* **PROBLEM DETAILS**: Every word in the data below belongs in your copy, exactly as given; the pictures do not.

DATA EXCERPT section start

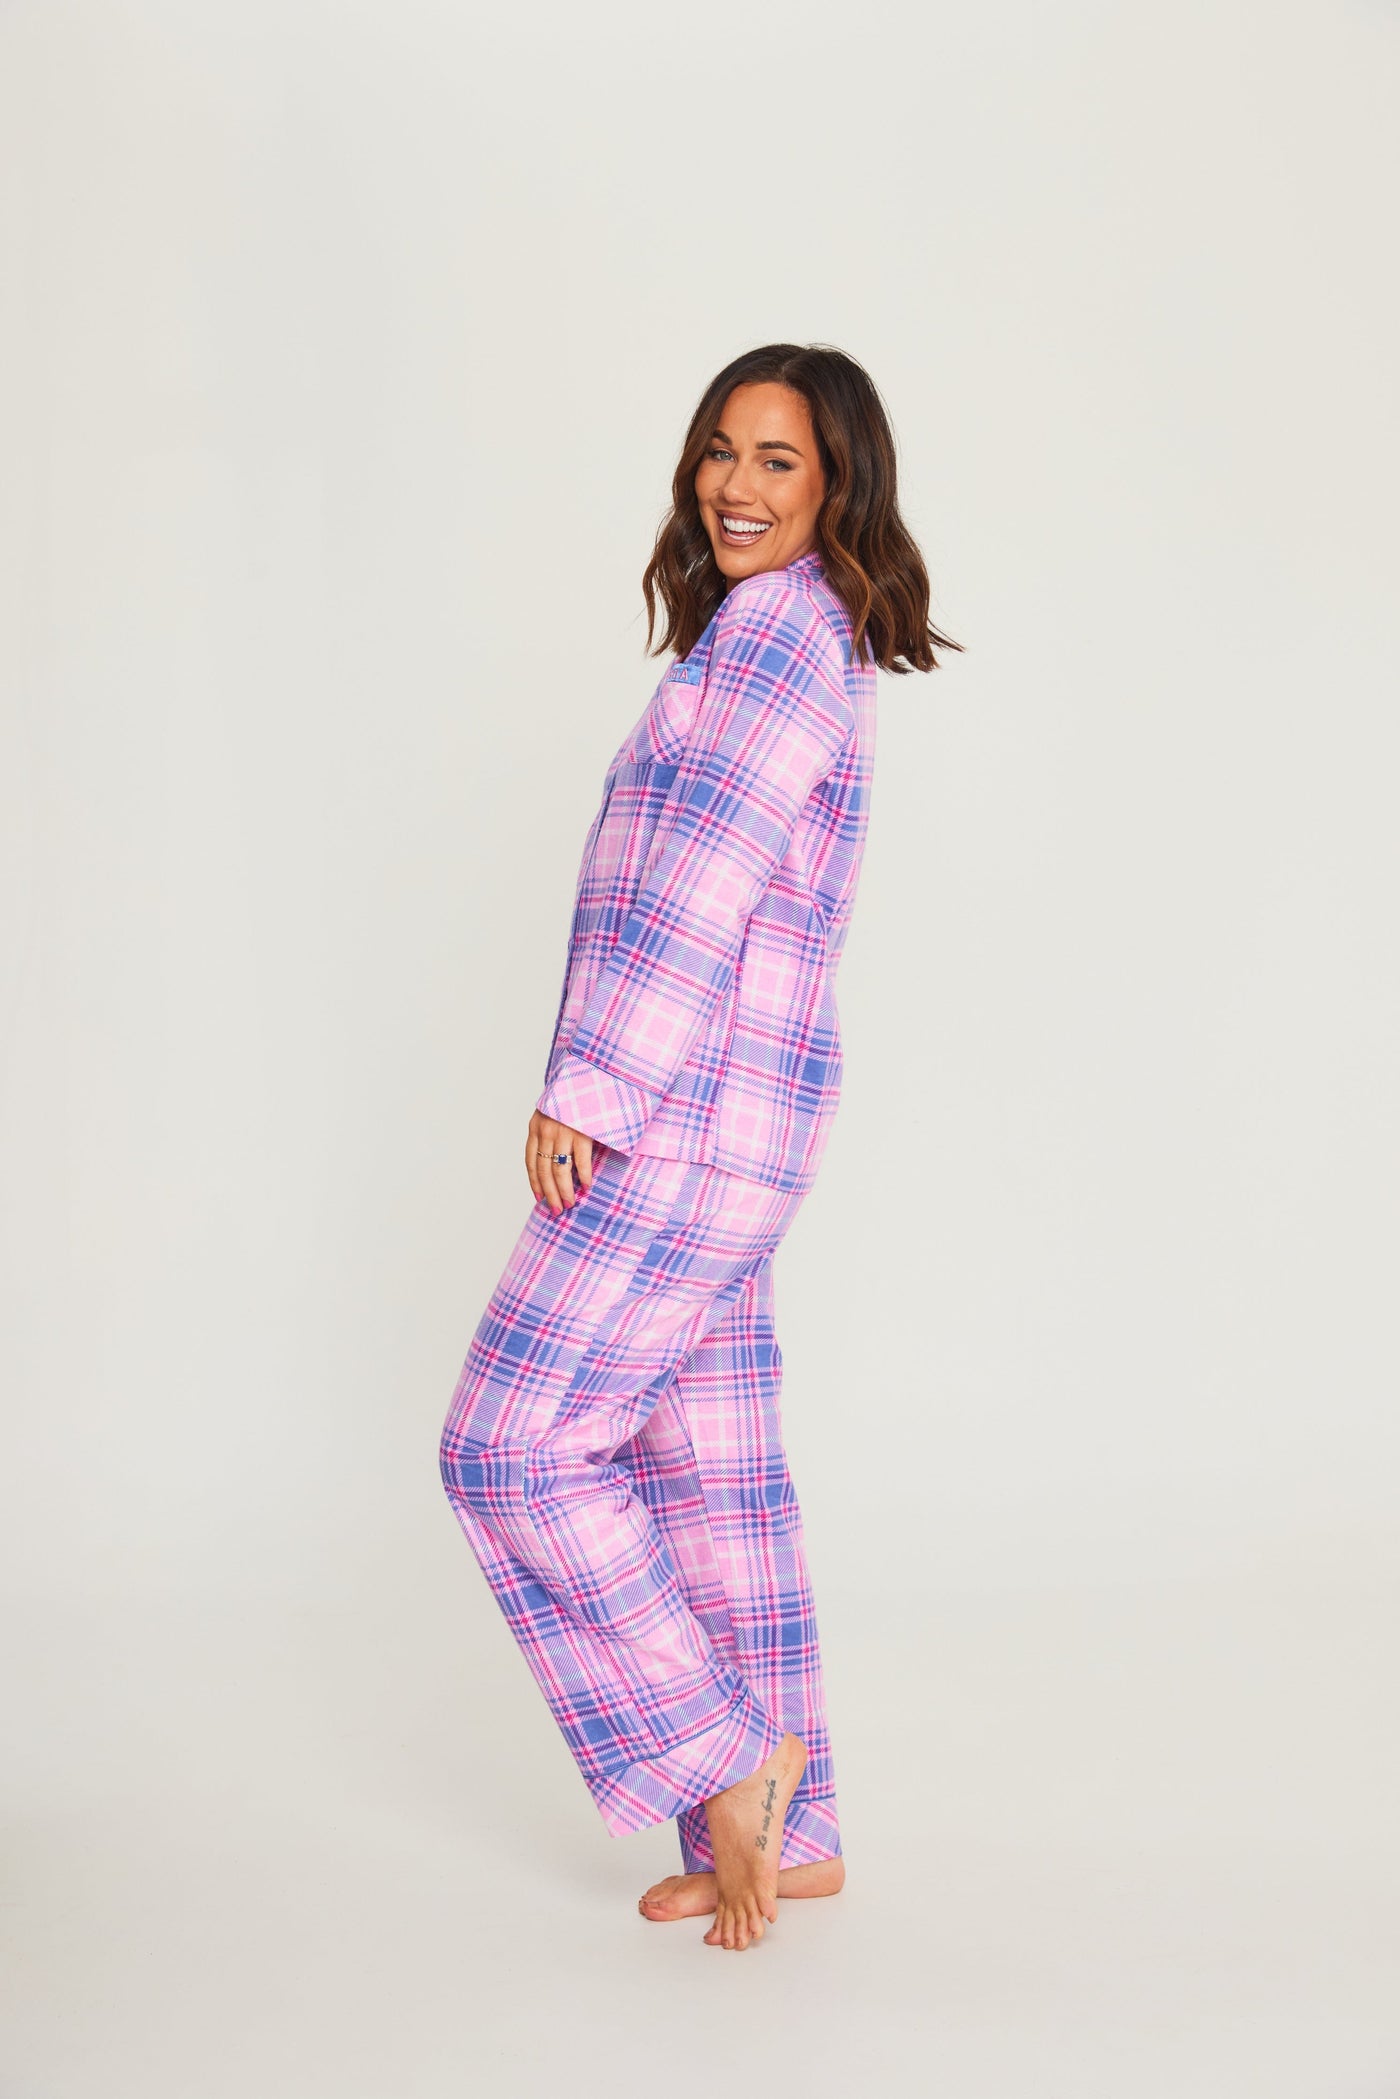 Cachia Maeve Bundle Pajamas
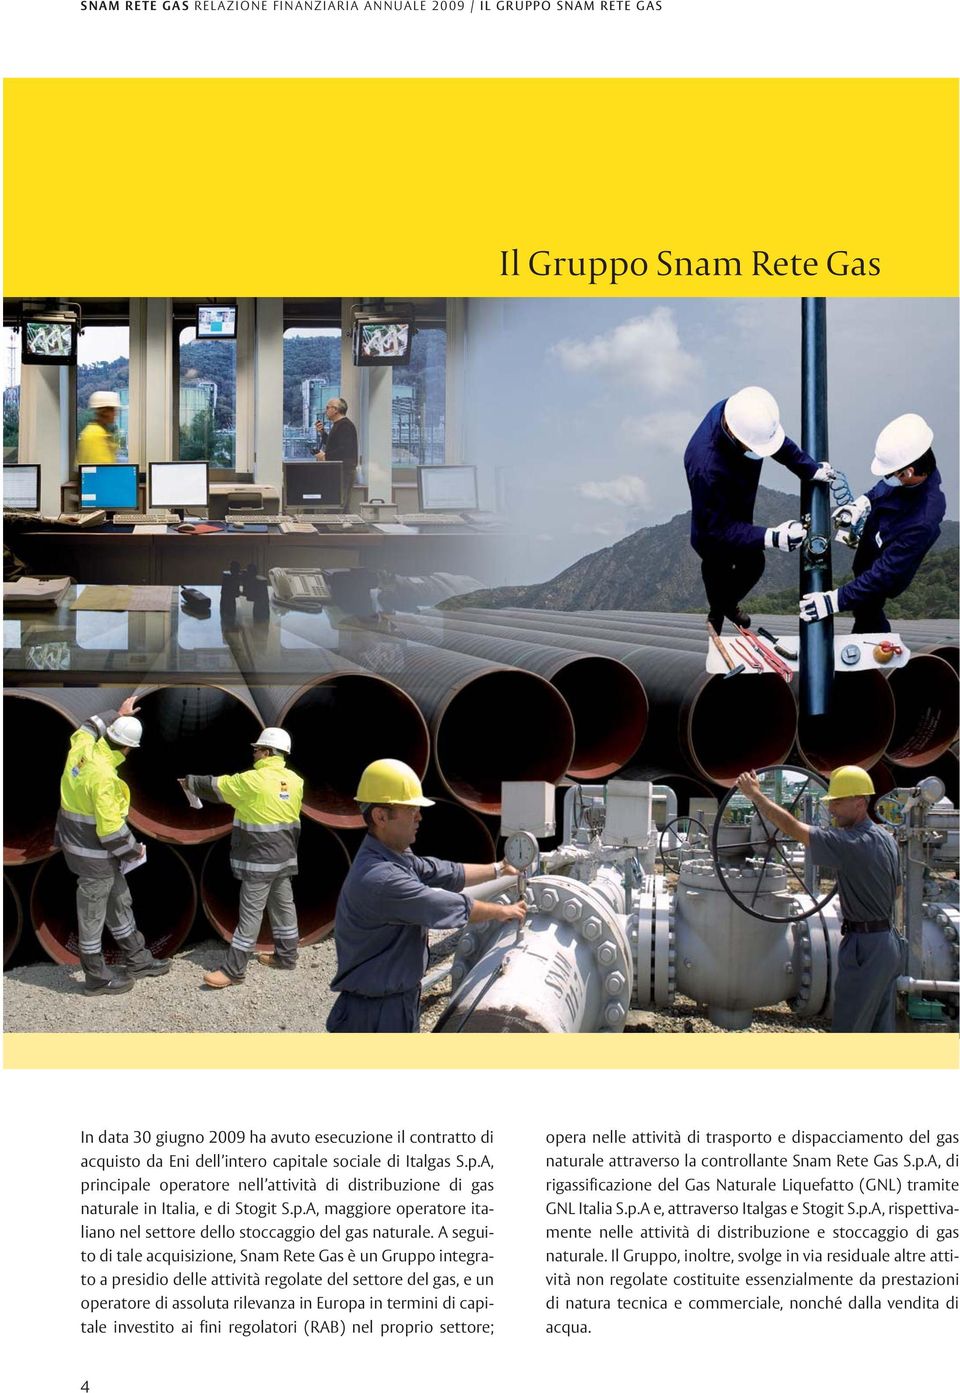 A seguito di tale acquisizione, Snam Rete Gas è un Gruppo integrato a presidio delle attività regolate del settore del gas, e un operatore di assoluta rilevanza in Europa in termini di capitale
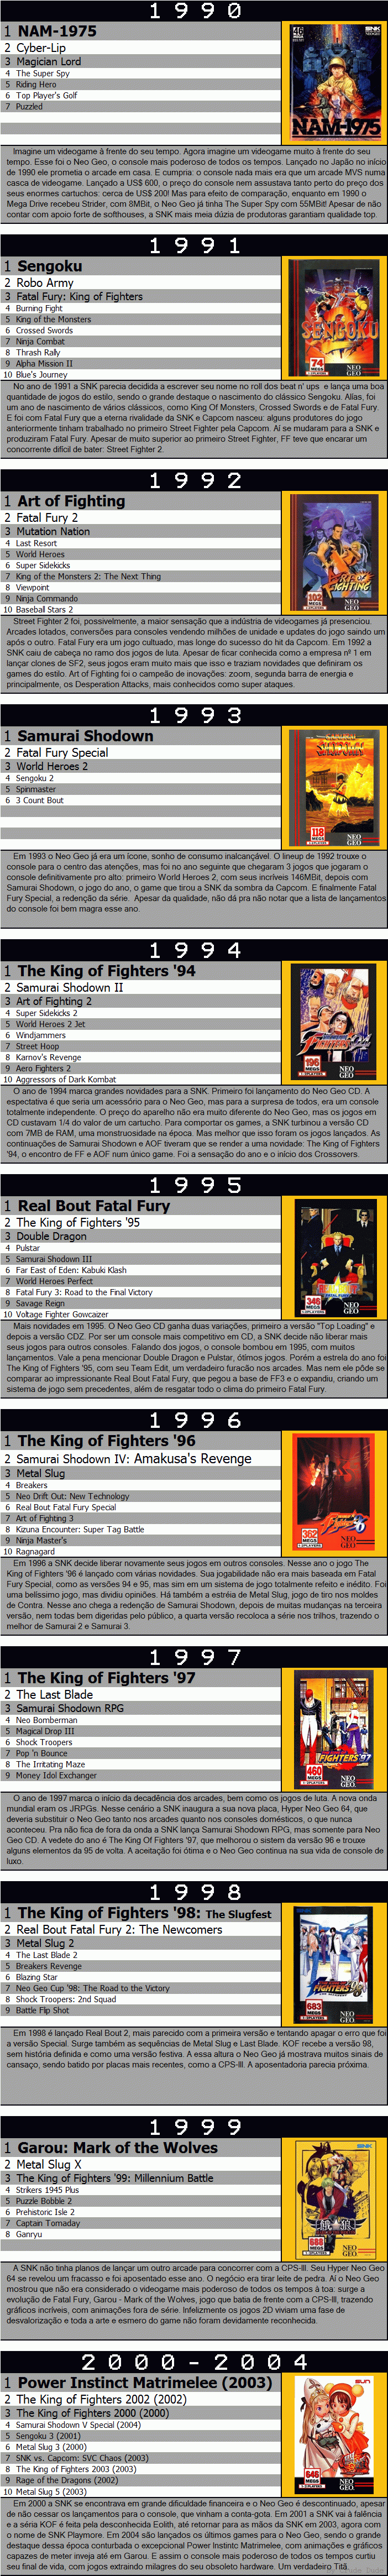 King of Fighters 98 e Metal Slug 3 serão relançados para o
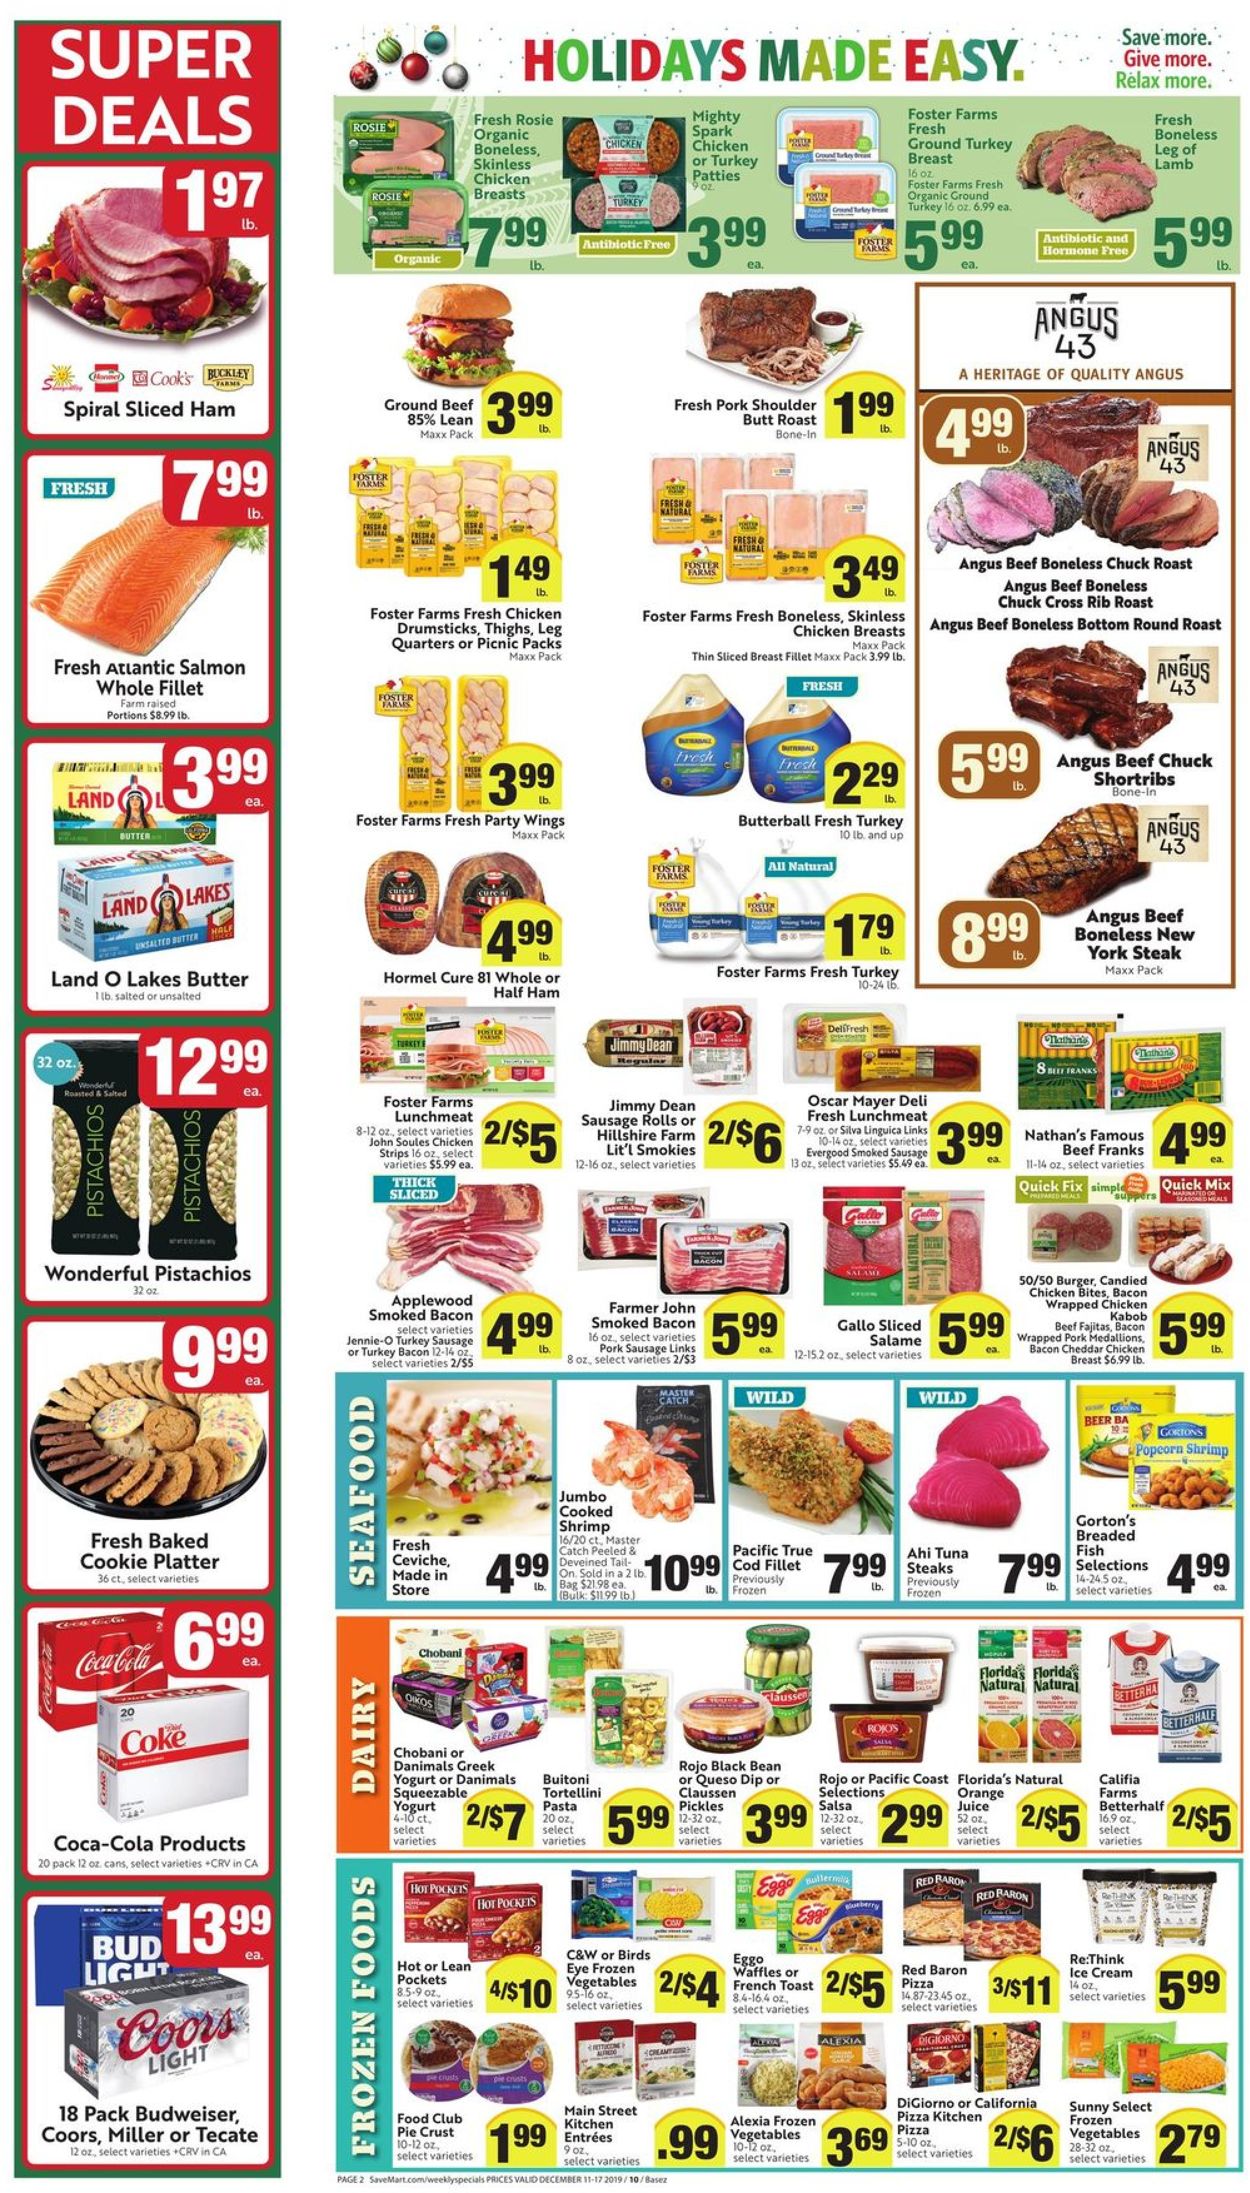 Save Mart - Holidays Ad 2019 Weekly Ad Circular - valid 12/11-12/17/2019 (Page 2)

DATA EXCERPT section end

* **ANSWER TO THIS PROBLEM**:
 Cachia Maeve Bundle Pajamas
 A seguito di tale acquisizione, Snam Rete Gas è un Gruppo integrato a presidio delle attività regolate del settore del gas, e un operatore di assoluta rilevanza in Europa in termini di capitale
 King of Fighters 98 e Metal Slug 3 serão relançados para o
 Save Mart - Holidays Ad 2019 Weekly Ad Circular - valid 12/11-12/17/2019 (Page 2)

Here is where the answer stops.